2.2 Mean shift clustering

2.2.1 Substacking.

We begin by splitting the whole 3D image into a set of relatively small substacks of size W×H×D. Partitioning the image has a number of advantages. First, it allows us to approximate a local-thresholding procedure (see Section 2.2.3) without incurring in the computational cost of fully fledged local thresholding algorithms (Sahoo et al., 1988). Second, dividing a large image in several substacks enables an immediate multi-core parallel implementation where each substack is processed separately in a different thread. Third, it is convenient to work on substacks during the manual annotation process (see Section 3.1.1), which is necessary to create the ground truth data used to estimate the quality of the predictions.

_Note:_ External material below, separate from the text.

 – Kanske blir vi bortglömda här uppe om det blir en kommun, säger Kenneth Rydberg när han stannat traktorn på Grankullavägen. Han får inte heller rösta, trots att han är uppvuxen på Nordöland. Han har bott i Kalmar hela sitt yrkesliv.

Substacks need to overlap to avoid border effects in the subsequent clustering procedure (see Section 2.2.2). The overlap length M was designed to ensure that every cell with a center detected inside the substack of size (WM)×(HM)×(DM) falls entirely within the substack of size W×H×D (Fig. 1). In our images, the visible region of a Purkinje soma ranges between 11 and 18 voxels in diameter, corresponding to 13 ÷ 22 μm in the tissue (taking into account the shrinkage introduced by the clearing procedure). We therefore used M = 20 in our experiments. Also, when W, H, D range in 100–150, substacks are small enough to obtain an approximately local binarization threshold and, at the same time, large enough to keep the overhead due to the processing of overlapping regions within acceptable limits. All the algorithms described below operate independently on single substacks.

Fig. 1.

Fig. 1.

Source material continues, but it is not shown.